Дорога идет на Москву. Твой полк должен задержать вражеские войска, пока части армии, истерзанные в тяжелых неравных боях, успеют отойти и хоть как-то закрепиться на новых рубежах. Главное — продержаться! Командующий армией, который несколько дней назад вручал тебе орден Красного Знамени, так и сказал, отдавая сегодня этот приказ: «Задержать немцев любой ценой!»

Прежде чем уйти с твоего КП, комдив полковник Северинов молча обнимает и трижды целует тебя. С тобой прощаются командиры соседних полков. Последним подходит майор Сергей Молодцов. Большой, уже немного грузный, с гривой каштановых вьющихся волос, он своей непосредственностью, непринужденностью, простотой, своим открытым сердцем и веселым, общительным нравом походил на ребенка, счастливого, беспечного. Даже кровопролитные бои, тяжелые потери и отступления, почти до неузнаваемости изменившие характер и внешний облик всех — и бойцов, и командиров, — словно бы не коснулись его. Он мрачнел, задумывался, негодовал, но тоже по-детски: проходила минута-другая — и майор опять смеялся, шутил, говорил весело, громко и так же весело, быстро двигался.

Вы подружились еще в училище. У курсантов не так уж много свободного времени, и, когда оно выпадало, ты любил читать, уединившись, решать шахматные задачи, а более всего — бродить по городу. В минуты неторопливой, вроде бы бесцельной ходьбы хорошо думается. Но Серега Молодцов, которого одиночество томило, всегда в таких случаях оказывался рядом.

— Читай вслух, а? — просил он. Требовал: — Научи-ка меня играть в шахматы! — Удивлялся: — Чего ж ты один пошел? Я же всегда готов с тобой…

Стоило тебе исчезнуть на минуту, как Серега начинал поиски, а найдя тебя, попрекал:

— Тоже мне — друг! Я тут хожу, неприкаянный. Жду, ищу, у всех спрашиваю…

Однажды, рассердившись, ты сказал, что так растворять себя в дружбе немыслимо, недопустимо.
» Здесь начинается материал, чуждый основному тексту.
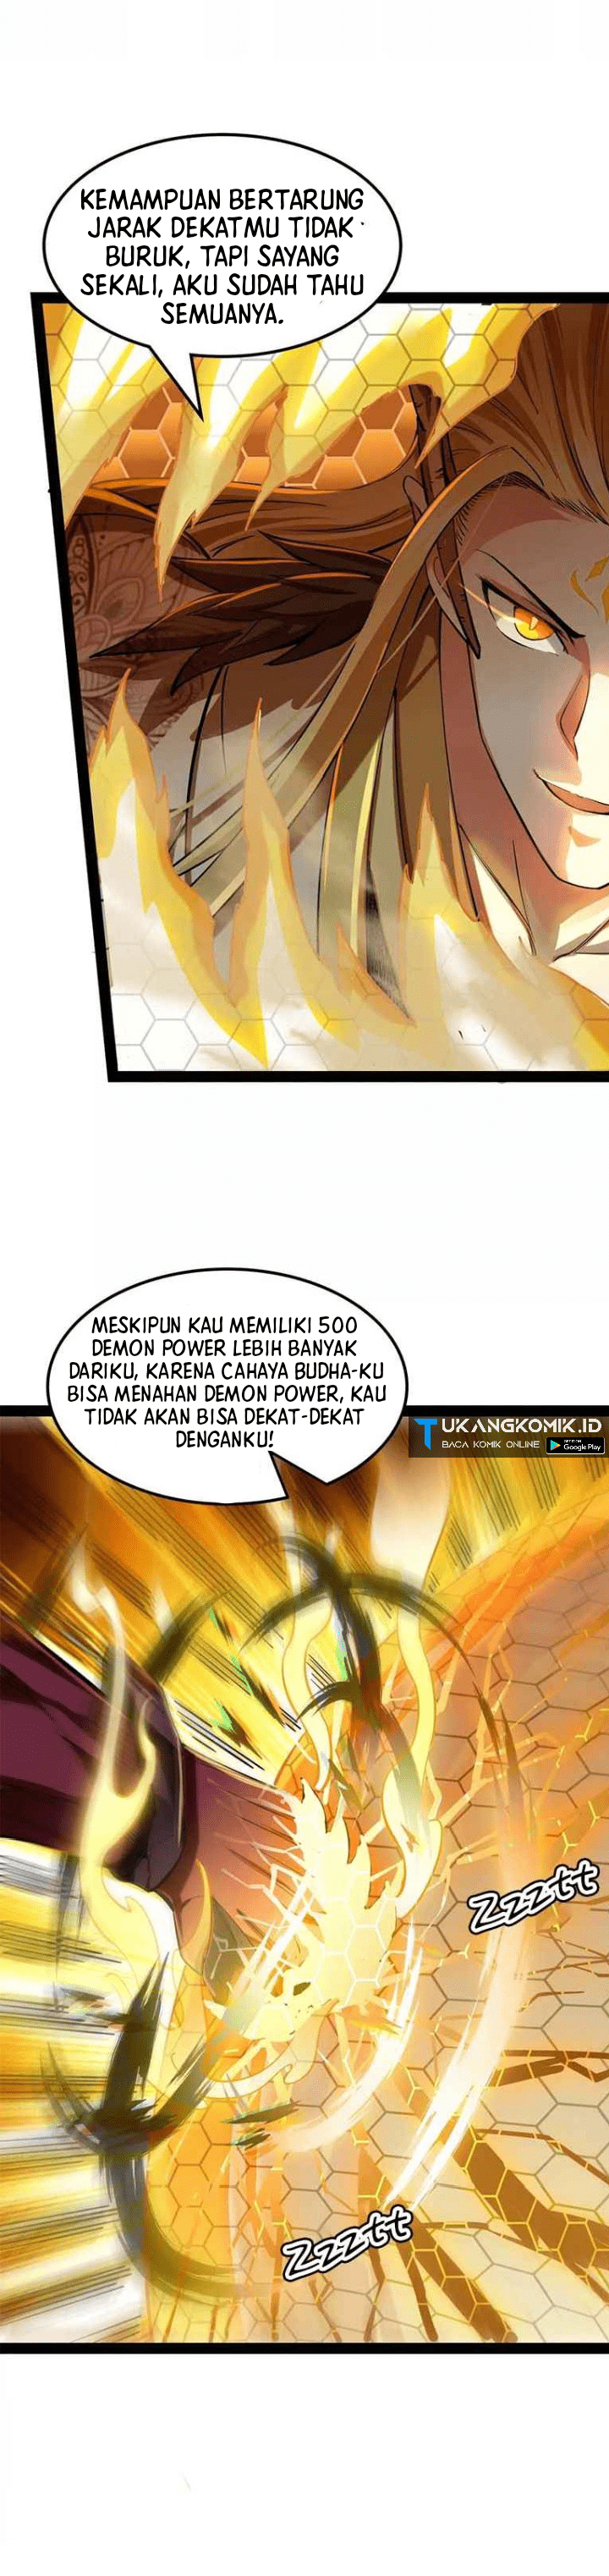 i-am-the-king Chapter 24

Наговорив ему много горьких слов, ты испугался, что Серега обидится, уйдет.

Он не обиделся и не ушел. Он удивился. И, удивленный, спокойно, серьезно, словно объясняя что-то само собой разумеющееся, что и объяснять-то неловко, ответил:

— Друга я себе ищу. Выбираю. Однажды и, может быть, на всю жизнь. По крайней мере хочу, чтоб на всю жизнь. И если уж выбрал, то не стесняюсь слить — не растворить, а слить, — подчеркнул он, — свою волю, свои желания с волей и желаниями своего единственного друга. Вот так, мой милый…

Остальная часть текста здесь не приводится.